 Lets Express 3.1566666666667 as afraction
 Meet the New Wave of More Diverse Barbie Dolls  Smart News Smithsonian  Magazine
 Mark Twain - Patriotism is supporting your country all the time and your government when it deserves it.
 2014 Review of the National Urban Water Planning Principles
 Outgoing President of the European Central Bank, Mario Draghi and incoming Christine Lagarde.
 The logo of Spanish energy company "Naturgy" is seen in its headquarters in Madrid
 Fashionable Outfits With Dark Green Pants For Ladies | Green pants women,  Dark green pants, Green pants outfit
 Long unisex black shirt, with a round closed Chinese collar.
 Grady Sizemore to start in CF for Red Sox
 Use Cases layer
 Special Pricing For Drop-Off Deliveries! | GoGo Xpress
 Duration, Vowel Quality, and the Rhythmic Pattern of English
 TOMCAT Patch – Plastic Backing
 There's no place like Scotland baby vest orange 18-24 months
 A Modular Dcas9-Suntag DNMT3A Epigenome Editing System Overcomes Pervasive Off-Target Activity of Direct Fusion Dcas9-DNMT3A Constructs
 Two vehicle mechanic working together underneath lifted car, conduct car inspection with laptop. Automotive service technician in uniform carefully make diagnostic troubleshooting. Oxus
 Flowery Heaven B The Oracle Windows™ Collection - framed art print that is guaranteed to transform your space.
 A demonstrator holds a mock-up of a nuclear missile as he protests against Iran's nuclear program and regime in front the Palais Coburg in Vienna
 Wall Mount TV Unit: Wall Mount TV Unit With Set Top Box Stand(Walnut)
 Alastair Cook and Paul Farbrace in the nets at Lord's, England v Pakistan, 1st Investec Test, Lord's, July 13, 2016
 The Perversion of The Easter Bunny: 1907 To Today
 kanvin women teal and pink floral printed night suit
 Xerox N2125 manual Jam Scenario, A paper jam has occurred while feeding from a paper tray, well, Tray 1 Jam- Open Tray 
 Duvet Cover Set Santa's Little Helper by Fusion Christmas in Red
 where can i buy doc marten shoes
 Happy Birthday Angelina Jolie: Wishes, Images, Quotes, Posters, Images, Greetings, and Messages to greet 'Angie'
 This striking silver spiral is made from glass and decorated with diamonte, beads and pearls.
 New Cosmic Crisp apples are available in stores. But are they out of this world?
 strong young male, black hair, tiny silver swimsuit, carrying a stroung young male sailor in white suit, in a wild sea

Assignment = Nothing but the lines from the one containing "The Perversion of" through the last line of the data above should be given again, each exactly as it stands.

Reply to the exercise =
 The Perversion of The Easter Bunny: 1907 To Today
 kanvin women teal and pink floral printed night suit
 Xerox N2125 manual Jam Scenario, A paper jam has occurred while feeding from a paper tray, well, Tray 1 Jam- Open Tray 
 Duvet Cover Set Santa's Little Helper by Fusion Christmas in Red
 where can i buy doc marten shoes
 Happy Birthday Angelina Jolie: Wishes, Images, Quotes, Posters, Images, Greetings, and Messages to greet 'Angie'
 This striking silver spiral is made from glass and decorated with diamonte, beads and pearls.
 New Cosmic Crisp apples are available in stores. But are they out of this world?
 strong young male, black hair, tiny silver swimsuit, carrying a stroung young male sailor in white suit, in a wild sea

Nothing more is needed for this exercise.